JAKARTA, DDTCNews - Badan Akuntabilitas Keuangan Negara (BAKN) DPR meminta pemerintah untuk memperkuat regulasi, pengawasan, dan pemanfaatan dari penerimaan negara bukan pajak (PNBP).
Ketua BAKN DPR RI Wahyu Sanjaya mengatakan PNBP selaku sumber penerimaan negara yang terbesar kedua setelah pajak perlu dibuat lebih akuntabel, transparan, dan memberikan manfaat bagi Indonesia ke depan.

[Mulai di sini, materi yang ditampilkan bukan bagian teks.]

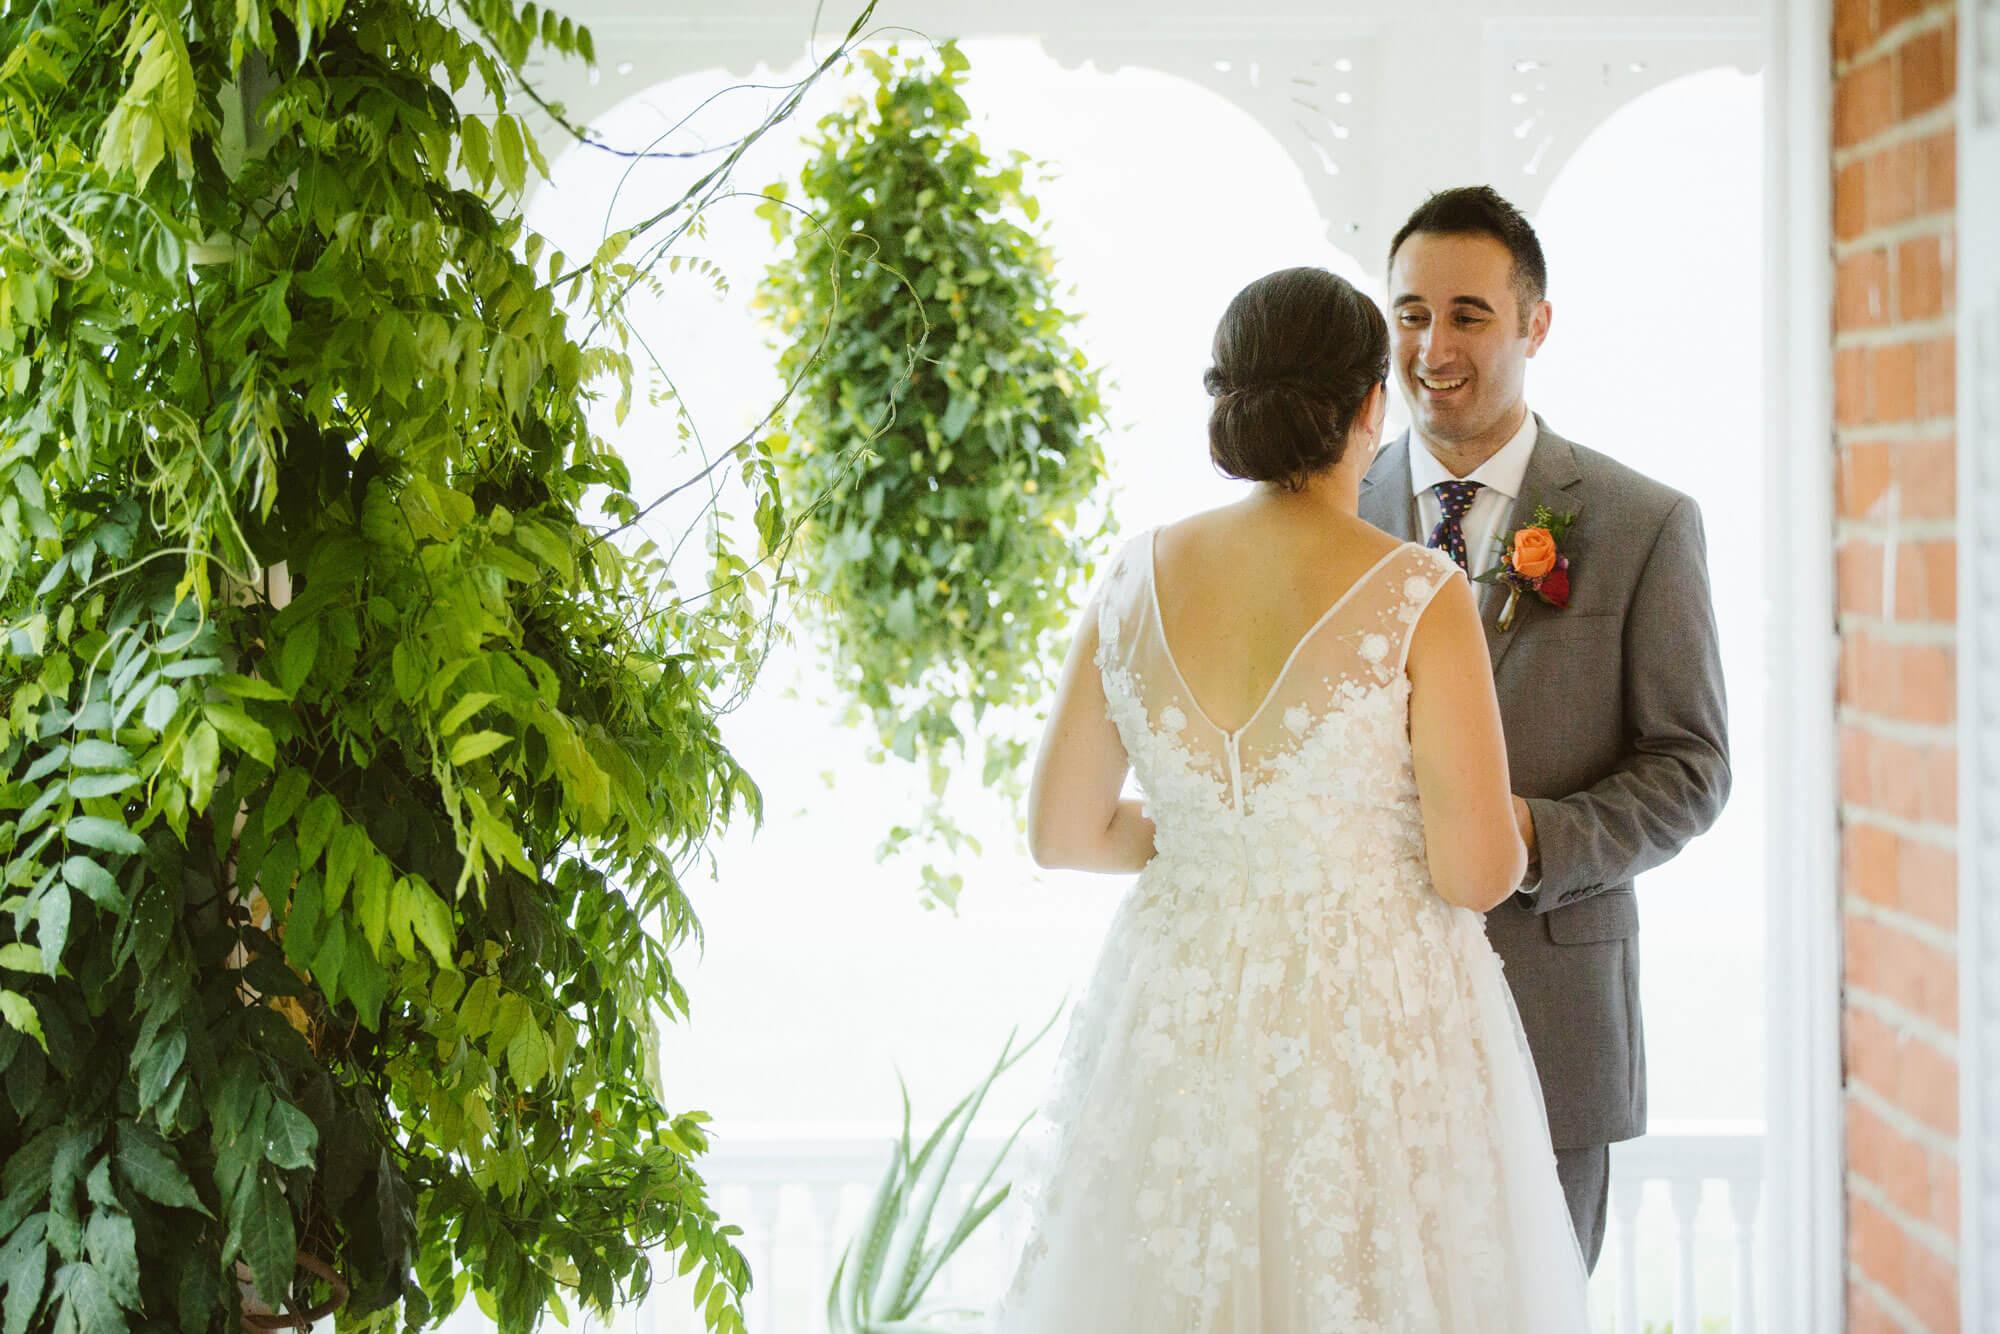 Erica-Kay-Photography---Kate-_-Joe-Wedding-14.jpg

"Kita kan tahu negara kita kaya raya kan, banyak batu bara, banyak emas, banyak semacam lah. Kita berusaha melihatnya bagaimana akhirnya ke depannya pengelolaan jadi lebih baik," ujar Wahyu setelah focus group discussion bersama Badan Pemeriksa Keuangan (BPK), dikutip Jumat (5/7/2024).

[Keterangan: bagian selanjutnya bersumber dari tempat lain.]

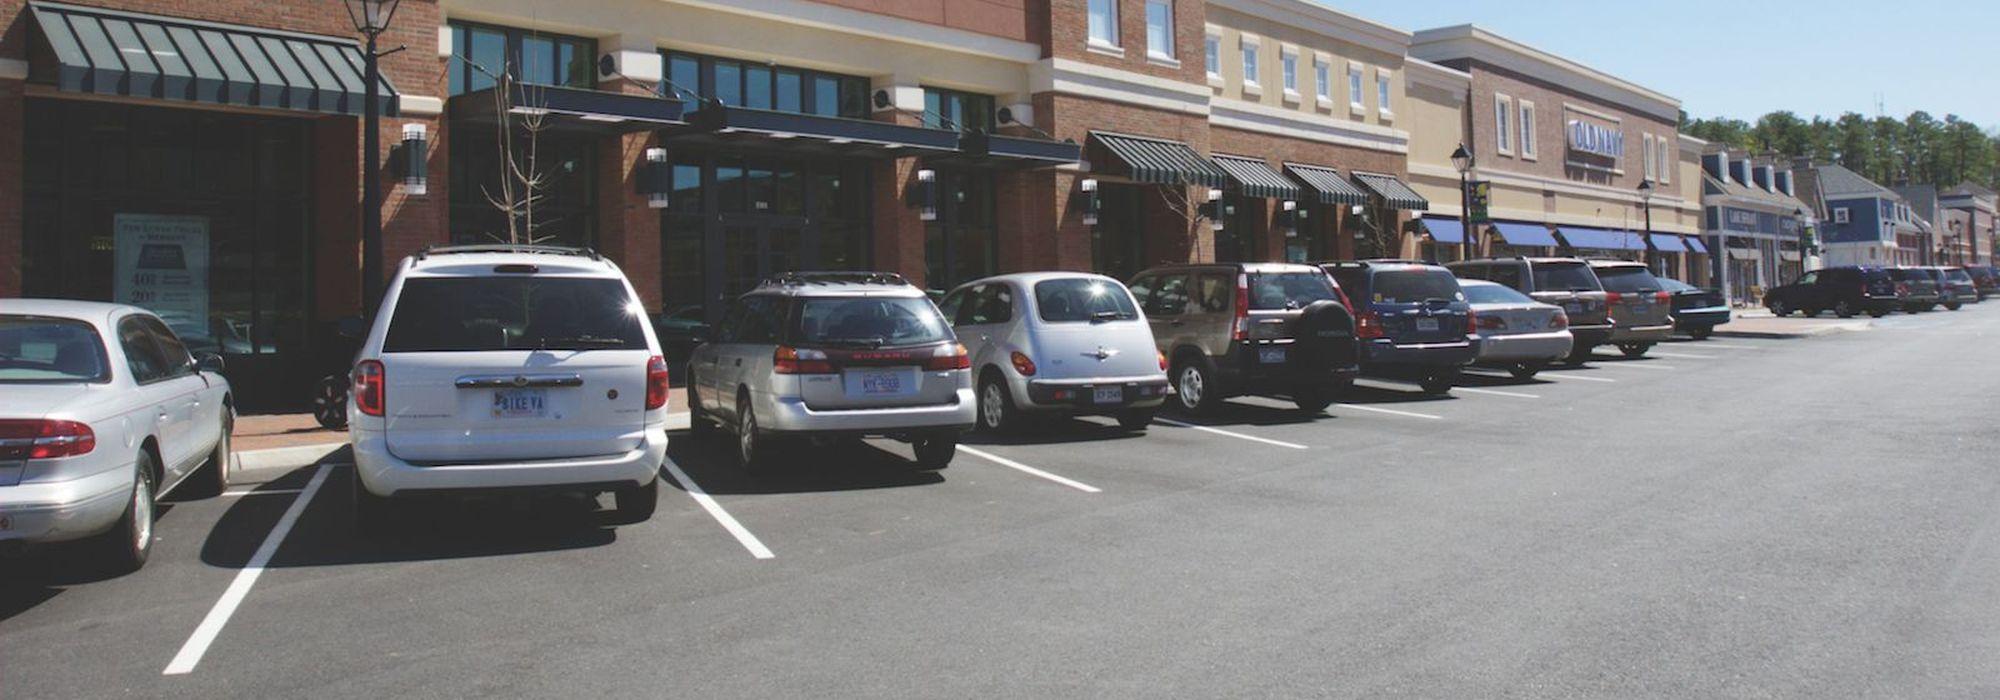 Williamsburg, Virginia – New Town Shops

Adapun Wakil Ketua BAKN DPR Hendrawan Supratikno mengatakan masih banyak potensi PNBP yang belum tergali dengan maksimal dan belum dimanfaatkan dengan baik. Menurut Hendrawan, Indonesia memiliki SDA yang besar tetapi kontribusinya terhadap penerimaan negara masih minim.

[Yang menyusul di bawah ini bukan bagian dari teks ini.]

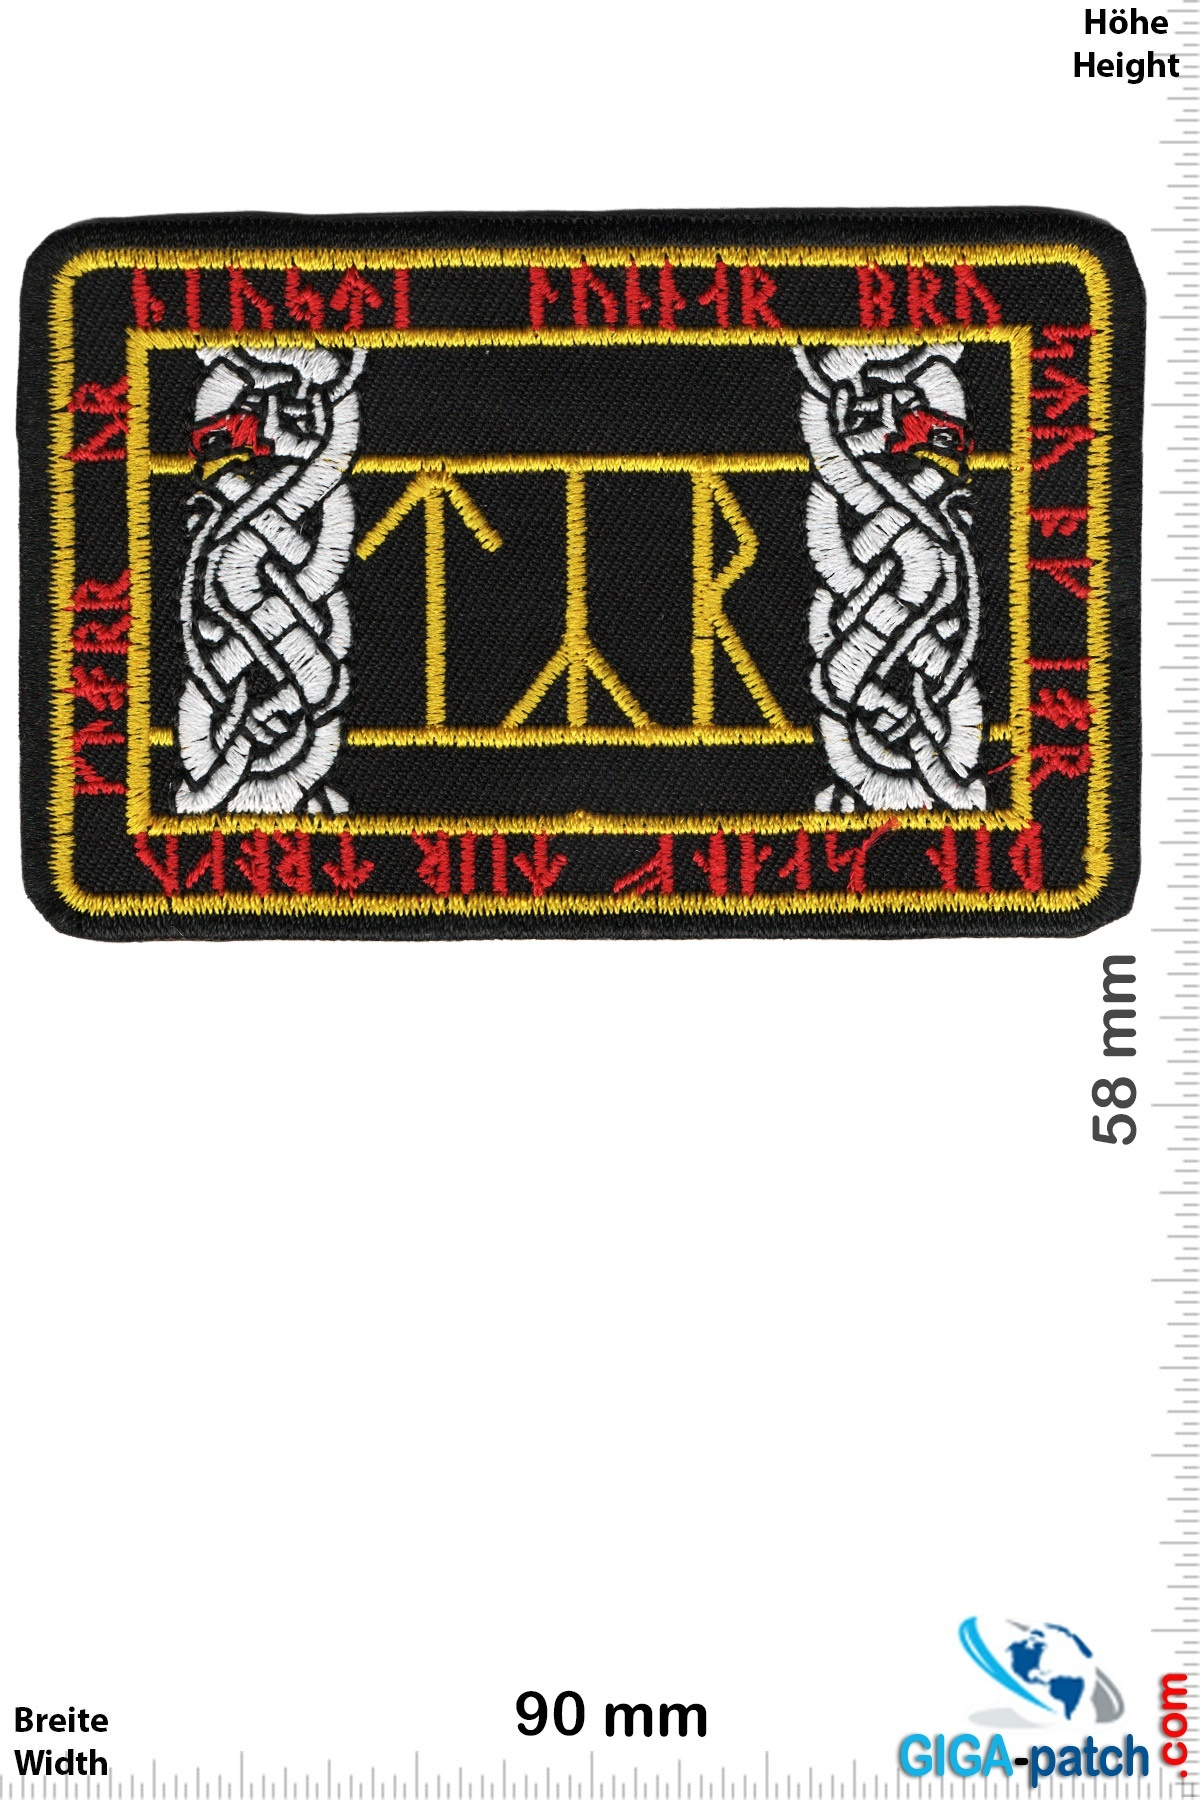 Týr - Metal-Band  - Tyr - Celtic Rune

Setelah melakukan penelaahan terhadap laporan hasil pemerintah (LHP) BPK, BAKN DPR berpandangan pendapatan negara dari PNBP seharusnya bisa naik pada tahun depan. Pasalnya, terdapat potensi sebesar 10% hingga 15% yang masih bisa dioptimalkan.
"Jadi intinya kita semua berharap PNBP ini di masa-masa mendatang bisa ditingkatkan. Nah, persoalannya adalah bagaimana pengelolaan yang baik agar penerimaan bukan pajak ini dari waktu ke waktu bisa dioptimalkan," ujar Hendrawan.
Adapun salah satu opsi yang dipertimbangkan oleh BAKN DPR dalam rangka meningkatkan kinerja PNBP adalah meningkatkan eselon pengelola PNBP dari yang saat ini eselon II ke eselon I.
"Apakah secara struktural lembaga yang mengelola PNBP ini eselonnya ditingkatkan? Karena kan selama ini baru level direktur, belum dirjen. Itu sebabnya ada harapan mungkin PNBP ini disetarakan dengan dirjen pengelolanya," ujar Hendrawan.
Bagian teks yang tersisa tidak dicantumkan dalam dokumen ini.